* SOURCE INFORMATION
....................
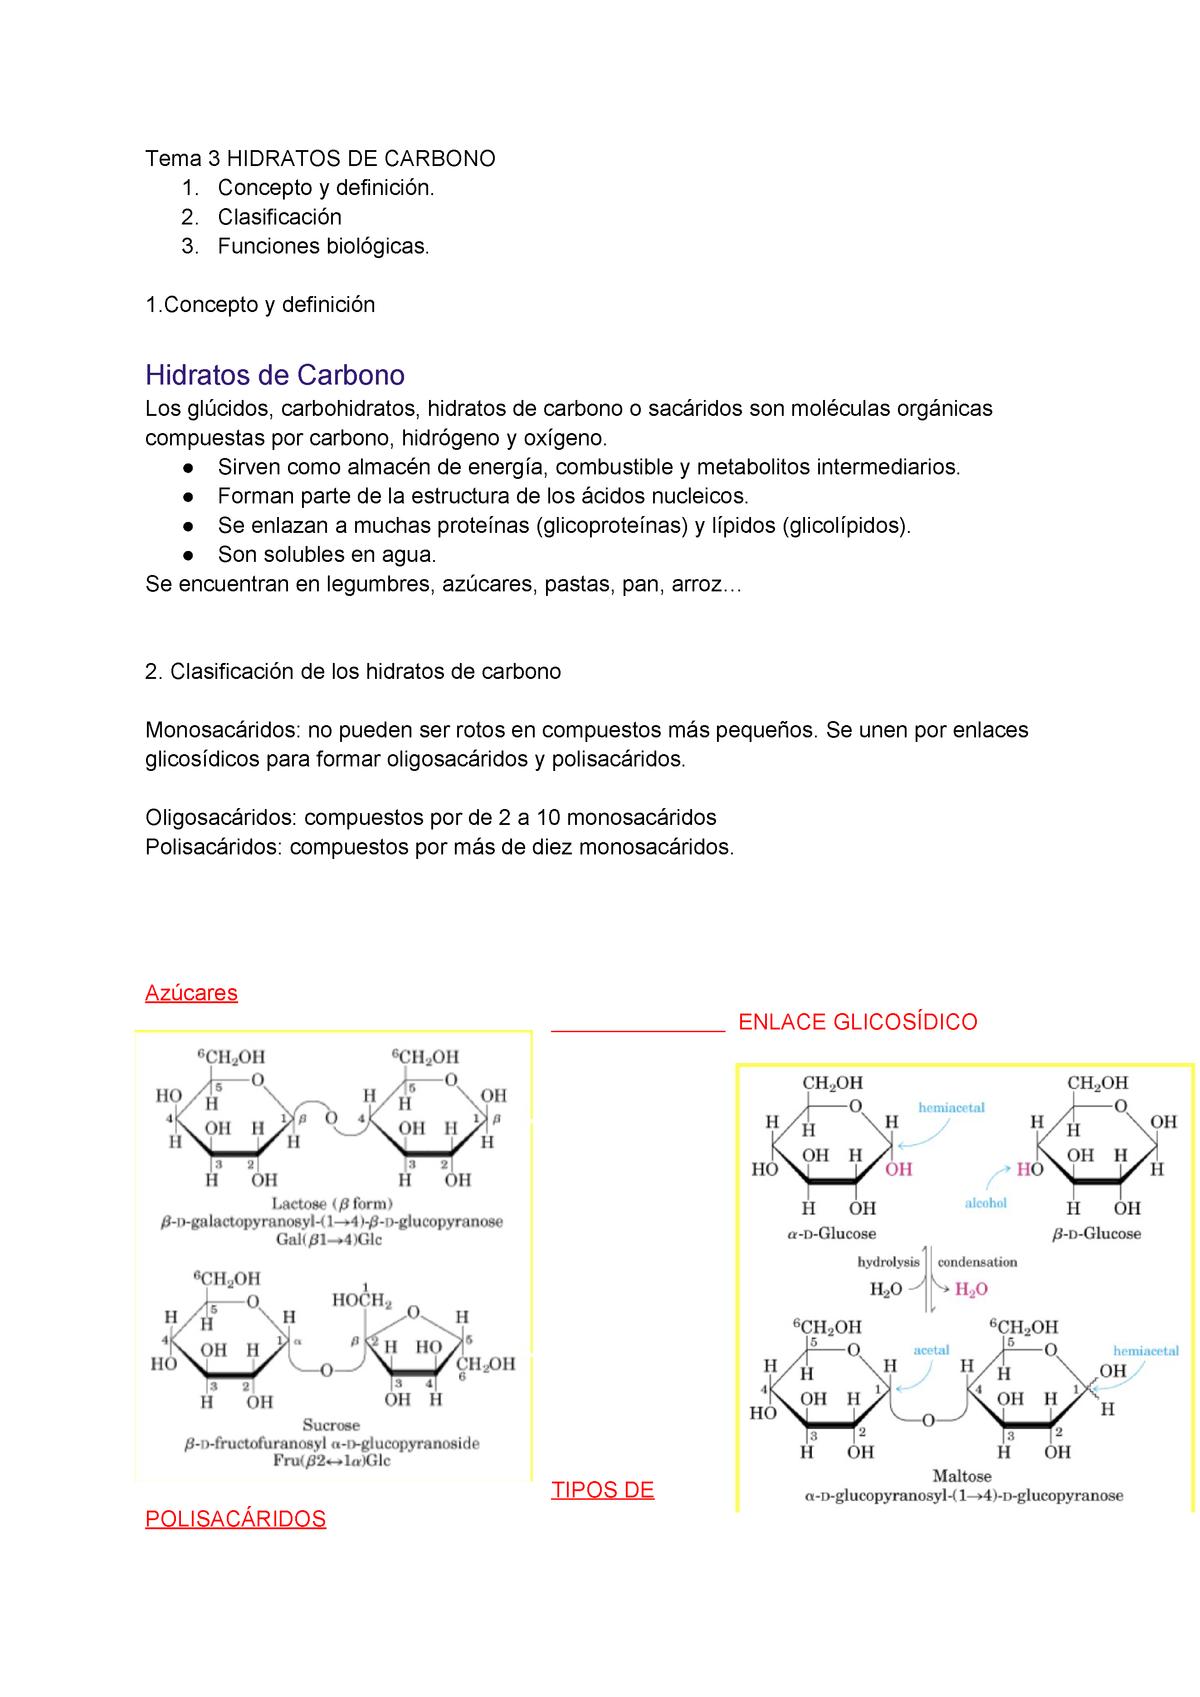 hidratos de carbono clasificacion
....................
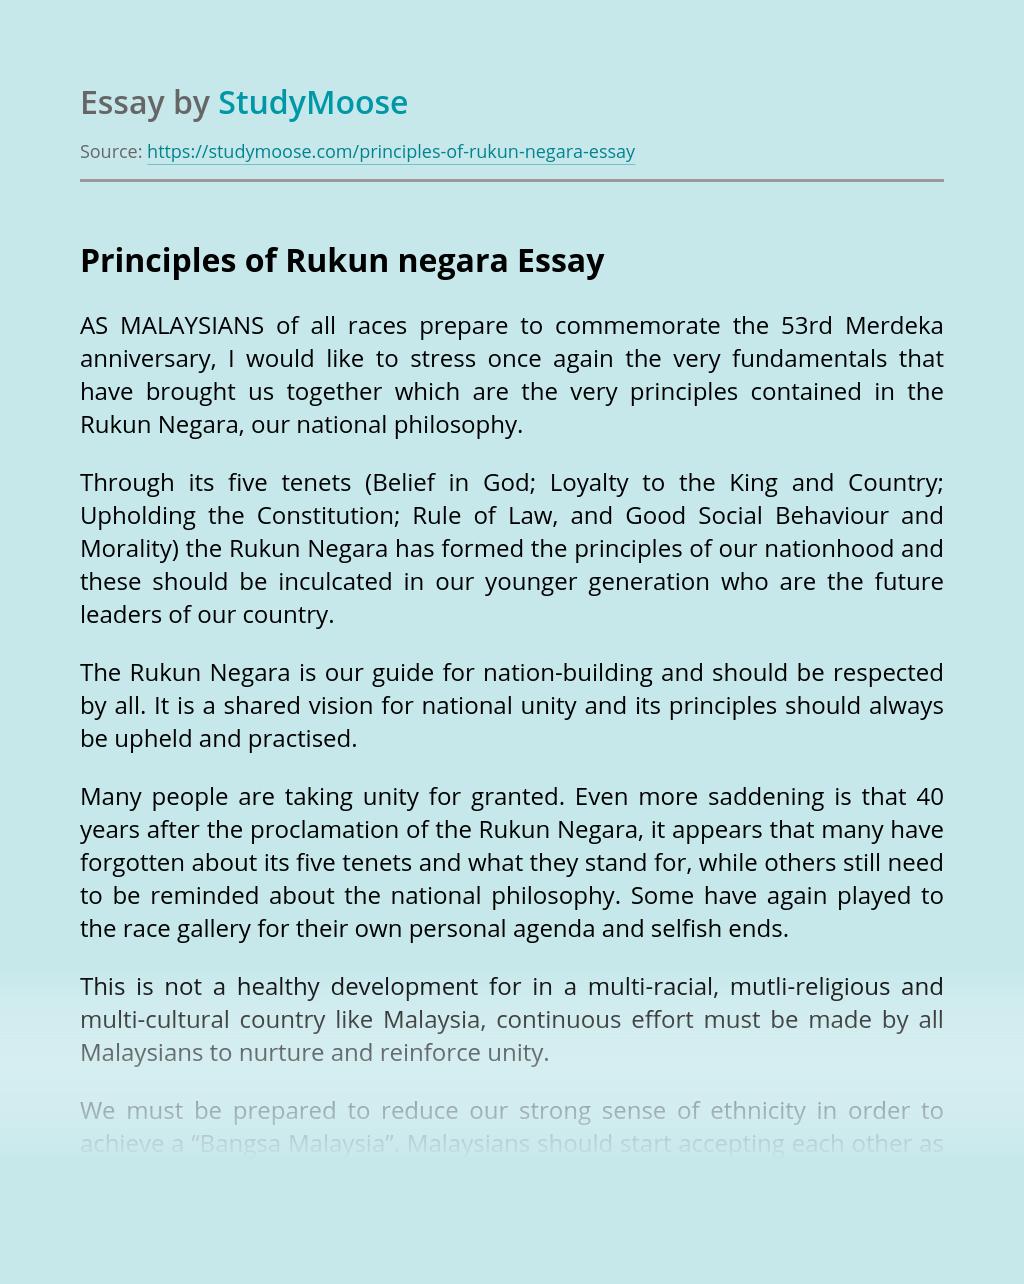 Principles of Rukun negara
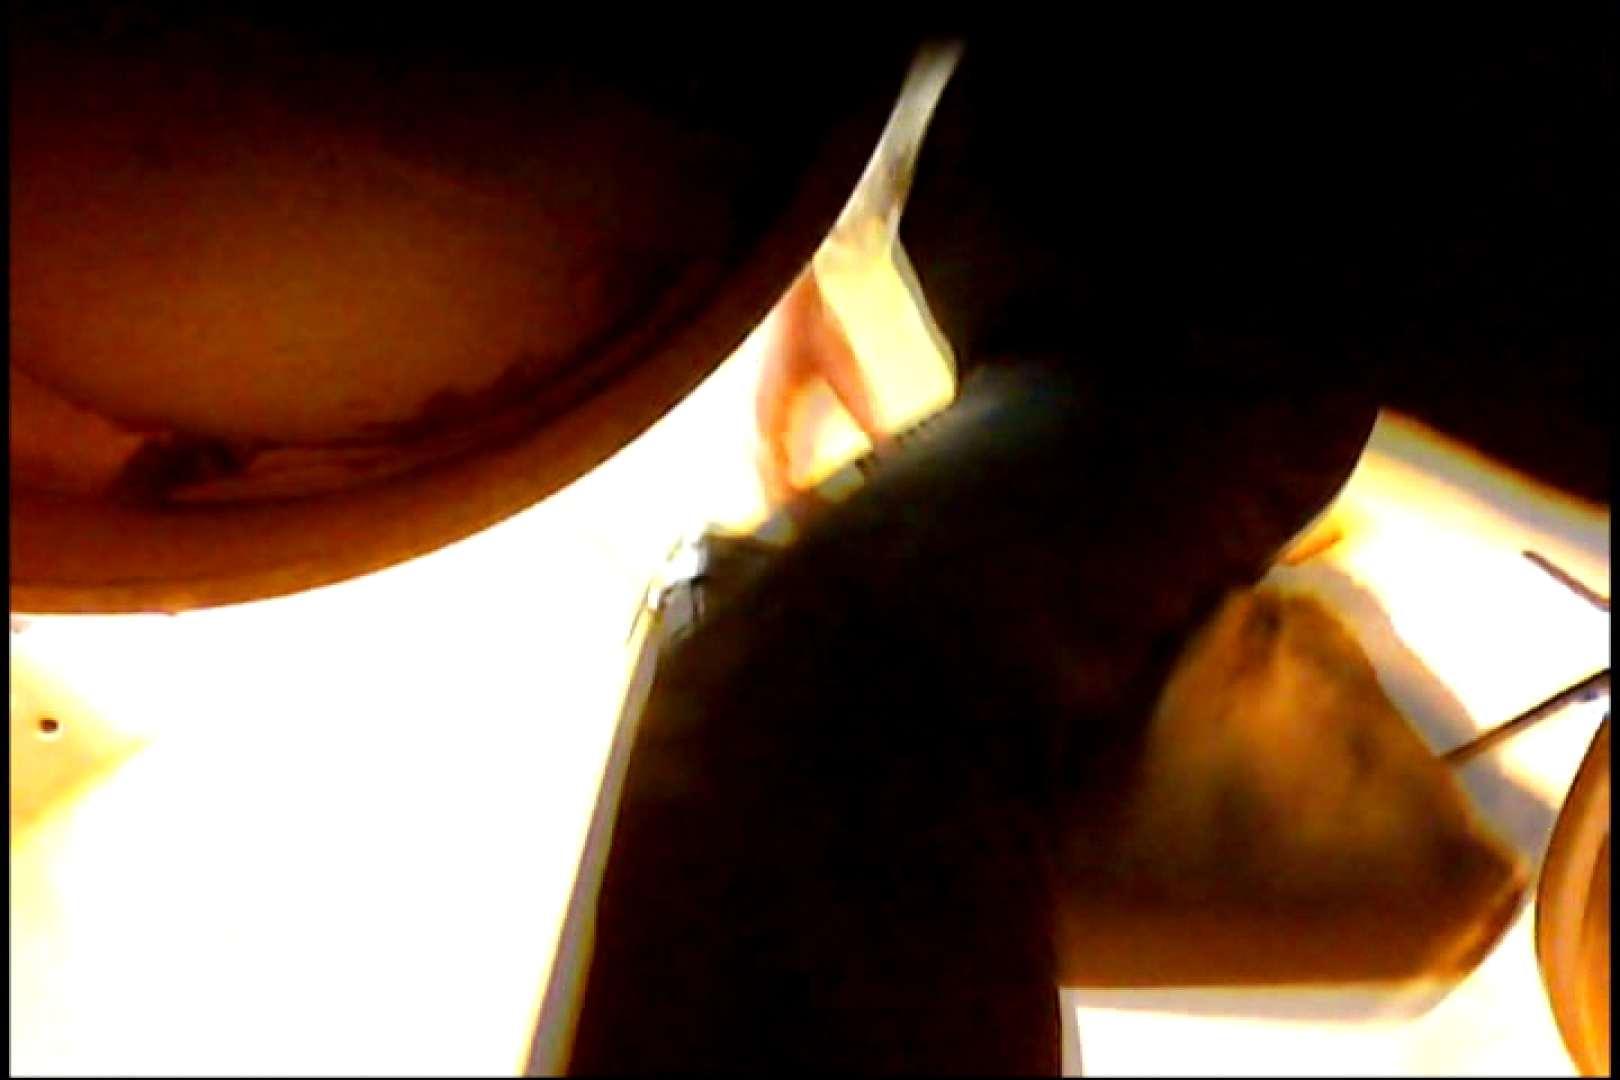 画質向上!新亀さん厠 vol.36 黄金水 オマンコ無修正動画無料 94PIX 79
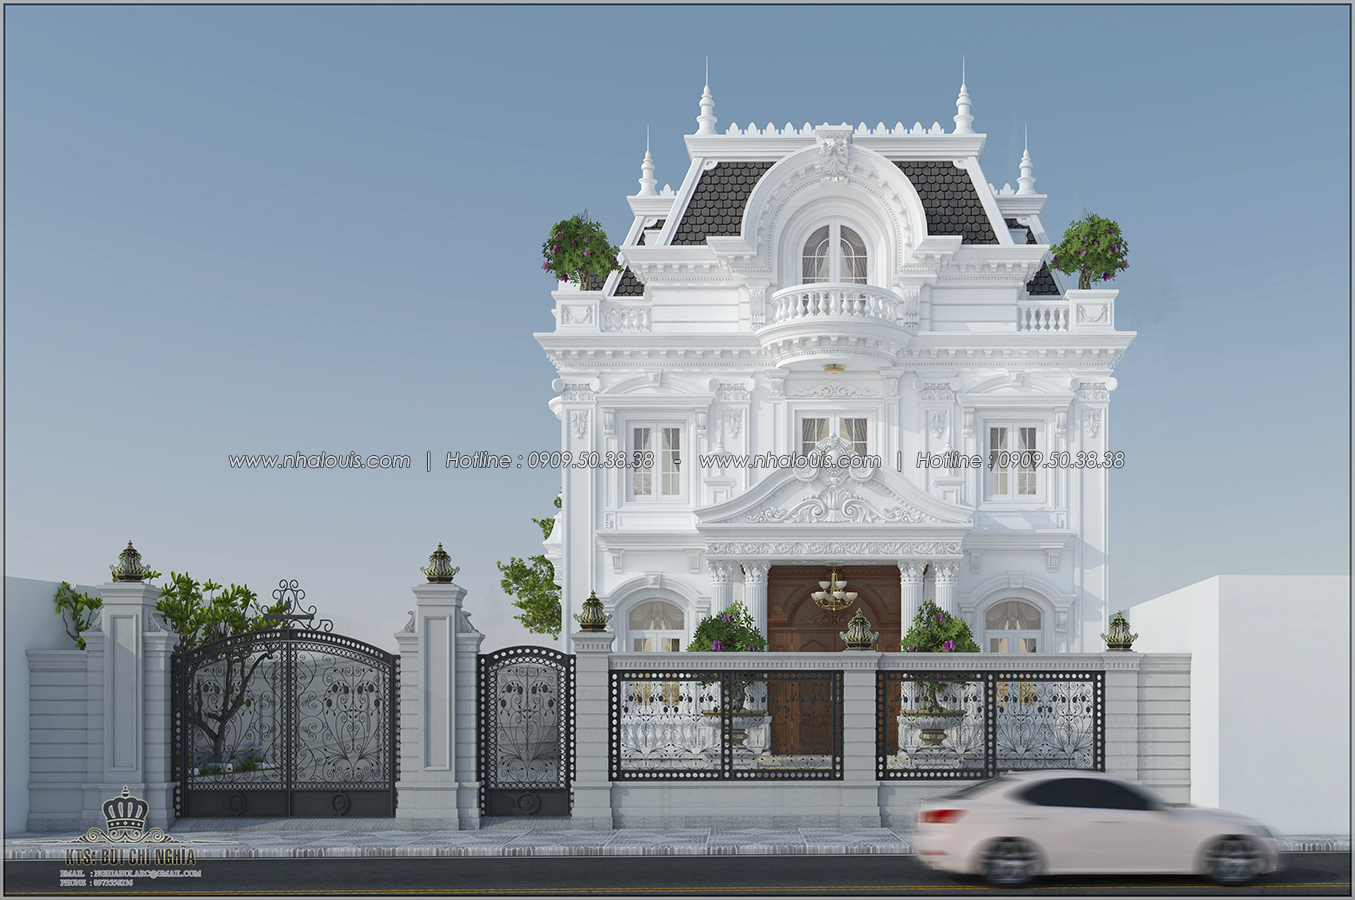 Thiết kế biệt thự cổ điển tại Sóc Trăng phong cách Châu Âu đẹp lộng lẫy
....................
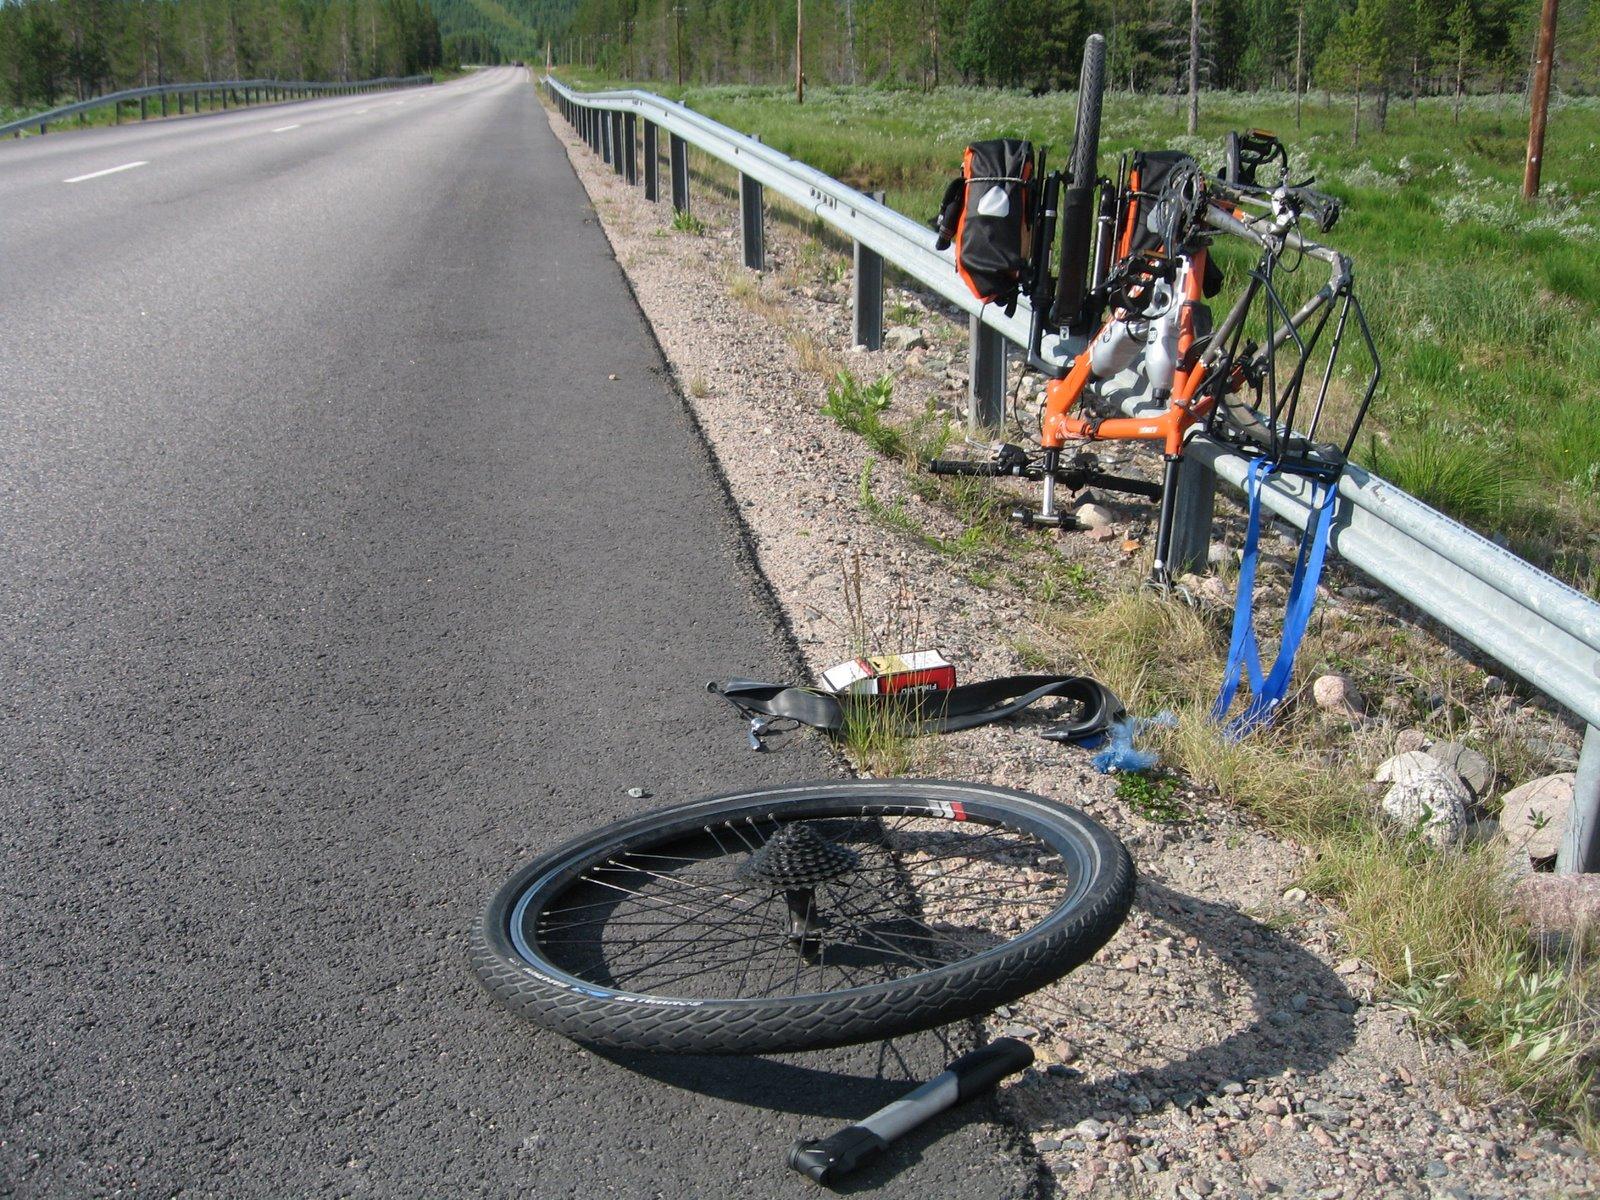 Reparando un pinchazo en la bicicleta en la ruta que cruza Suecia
....................
* WHAT TO DO
Taking the entries above, copy word for word the lines from the one with "Principles of Rukun negara" up to and including the one with "Thiết kế biệt", without any picture.

* RESULT
 Principles of Rukun negara
 画質向上!新亀さん厠 vol.36 黄金水 オマンコ無修正動画無料 94PIX 79
 Thiết kế biệt thự cổ điển tại Sóc Trăng phong cách Châu Âu đẹp lộng lẫy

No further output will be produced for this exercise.